Мы, разведчики, исподлобья глядели на языка, пере­пуганного, маленького, как сморчок, немца. Слишком на этот раз дорого он стоил.

Меня к обеду доставили в медсанбат: часть черепа была оголена. Словно умелая рука куперовского индей­ца скальпировала кожу. Благо разведчики, бинтуя, не отсекли ее совсем! Санин плакал. Я не видел его слез, но слышал их, пошутил:

— Один мой знакомый когда-то мне говорил: есть главное и второстепенное; есть то, что принадлежит всем, и то, что принадлежит каждому человеку в отдель­ности. И еще он говорил мне: мало быть мужественным перед другими, надо быть мужественным и перед собой. Самый великий подвиг — это прожить жизнь. Без му­жества этого не сделать. В противном случае будет не жизнь, прозябание.

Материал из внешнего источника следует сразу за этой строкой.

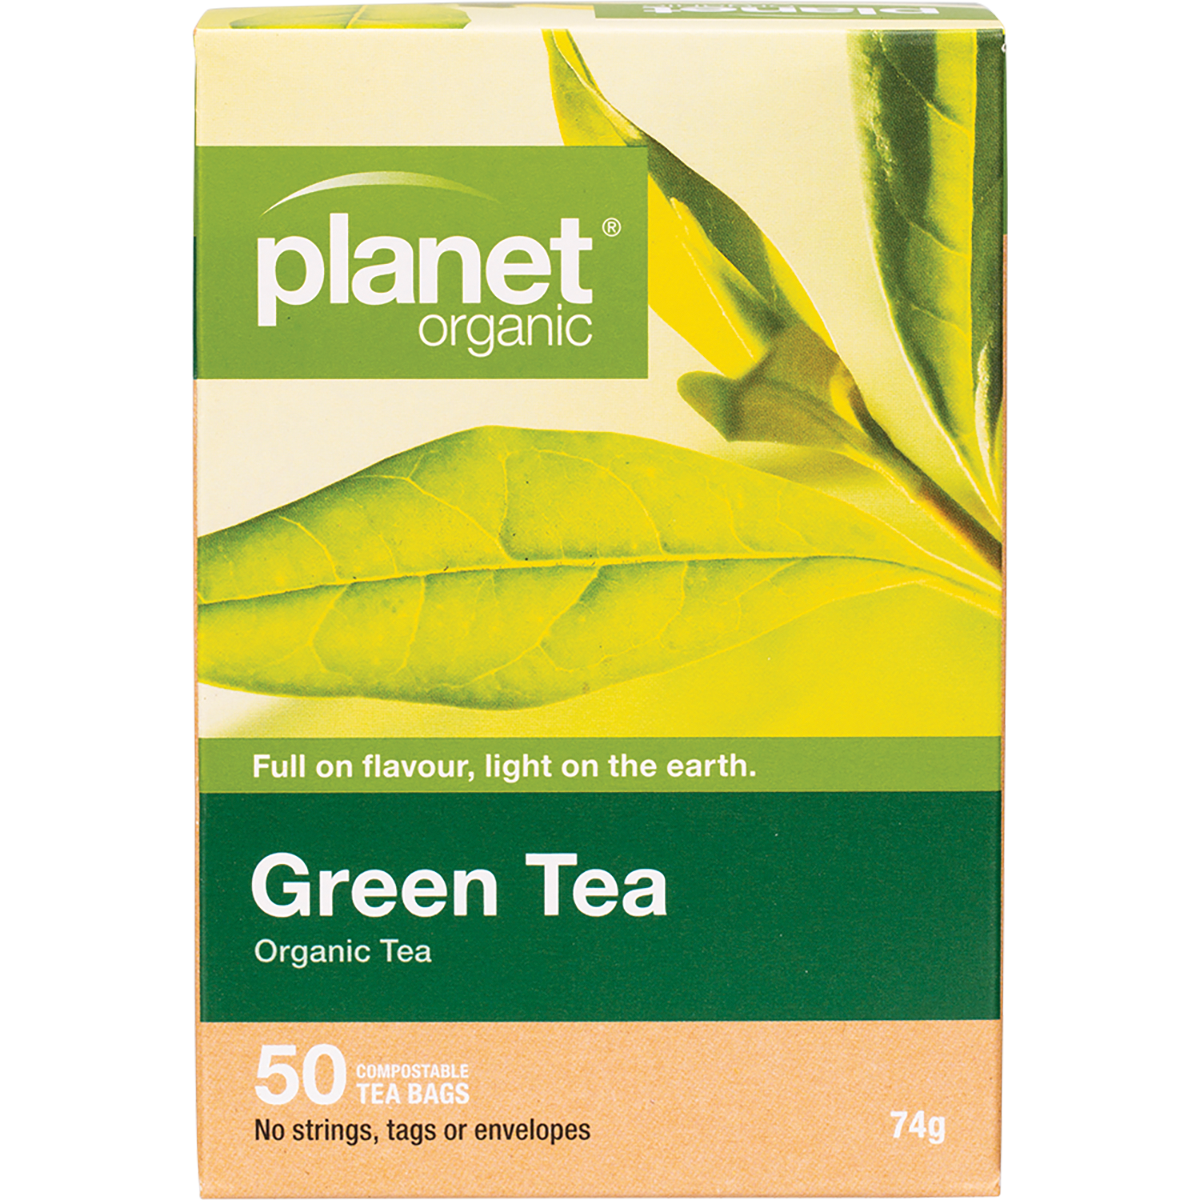 planet organic green tea bags, organic tea, compostable tea bags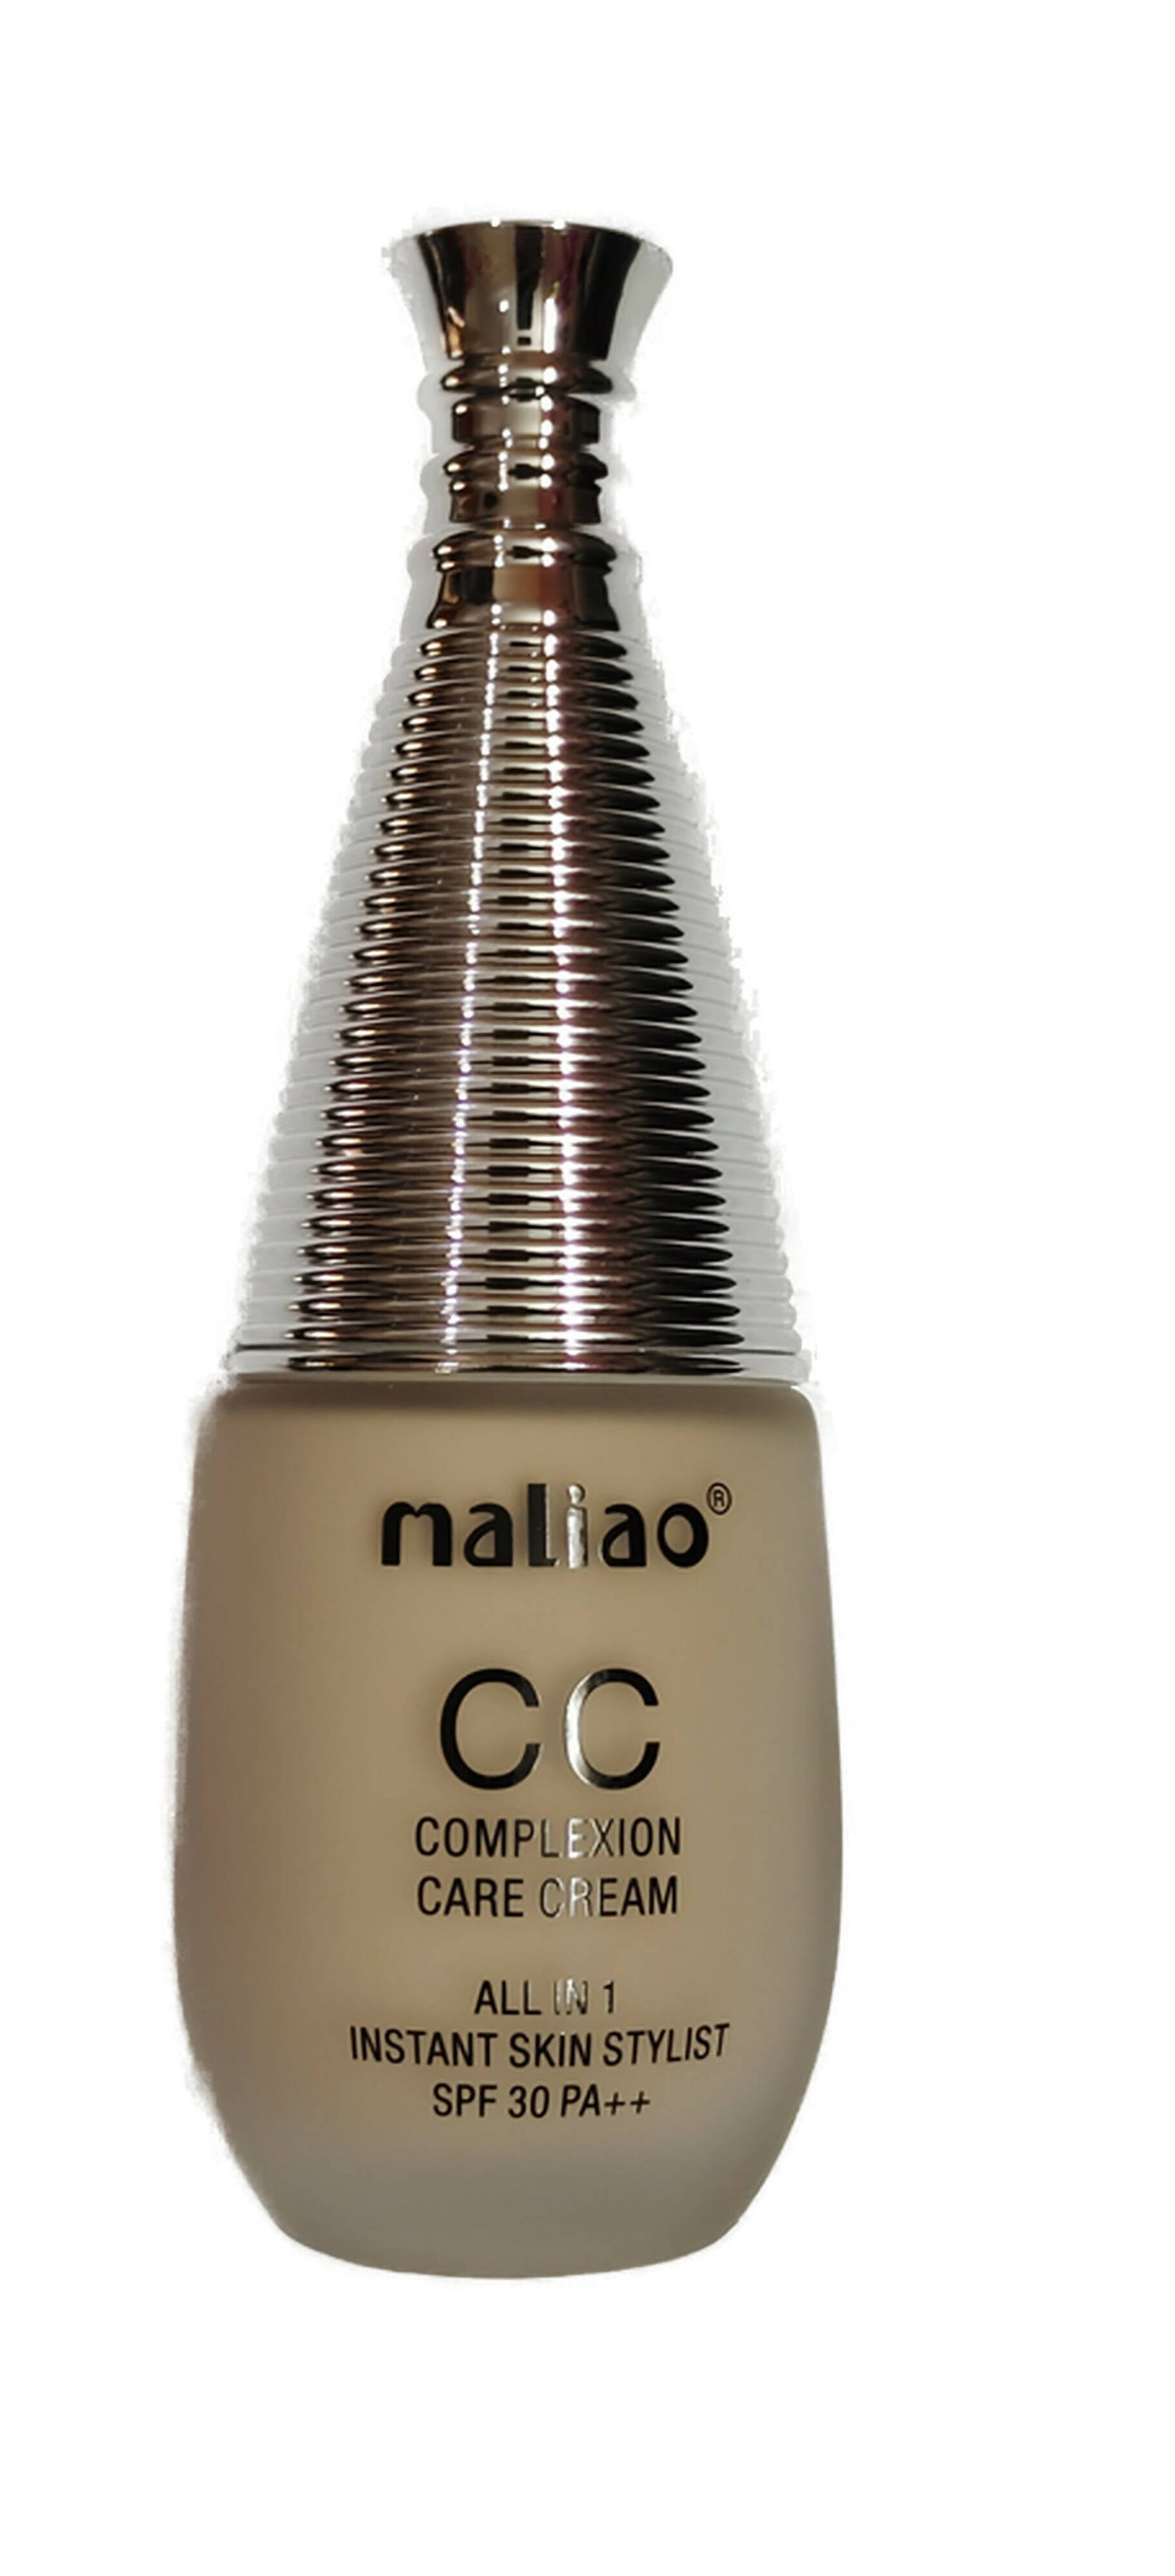 Maliao Cc All In 1 Instant Skin Stylist Foundation SPF 30 Pa++

— Не дури! Молчи. Тебе нельзя говорить!

— Вот так вы, педагоги, всегда. Ставите нам образ­цы, а когда мы уподобляемся им, сокрушенно разводите руками, приговаривая: а мы-то думали — он будет че­ловеком!..

Санин сам доставил меня в санбат, поднял всех на ноги, сидел до позднего вечера, пока не окончилась опе­рация. И только к ночи вернулся в полк.

Ночью мне было плохо. Но к утру температура упа­ла, сознание прояснилось. К вечеру стало очень худо, ночью опять повезли на операционный стол. Ни на ми­нуту я не сомневался, что буду жить. Хотя вокруг почему-то слишком все напряженно; сестры и врачи ходят в моей палате на цыпочках, шепчутся. Краем уха случайно уловил: «Три дня... не больше. Внезапный шок... Ган­грена неминуема. Может, срочно эвакуировать?.. Сейчас уже бесполезно... Повторить вливание?.. Этим ускорите конец; всякое возбуждение категорически противопока­зано...» Но в этом категорическом приговоре я различил и голос отчаяния и окликнул его.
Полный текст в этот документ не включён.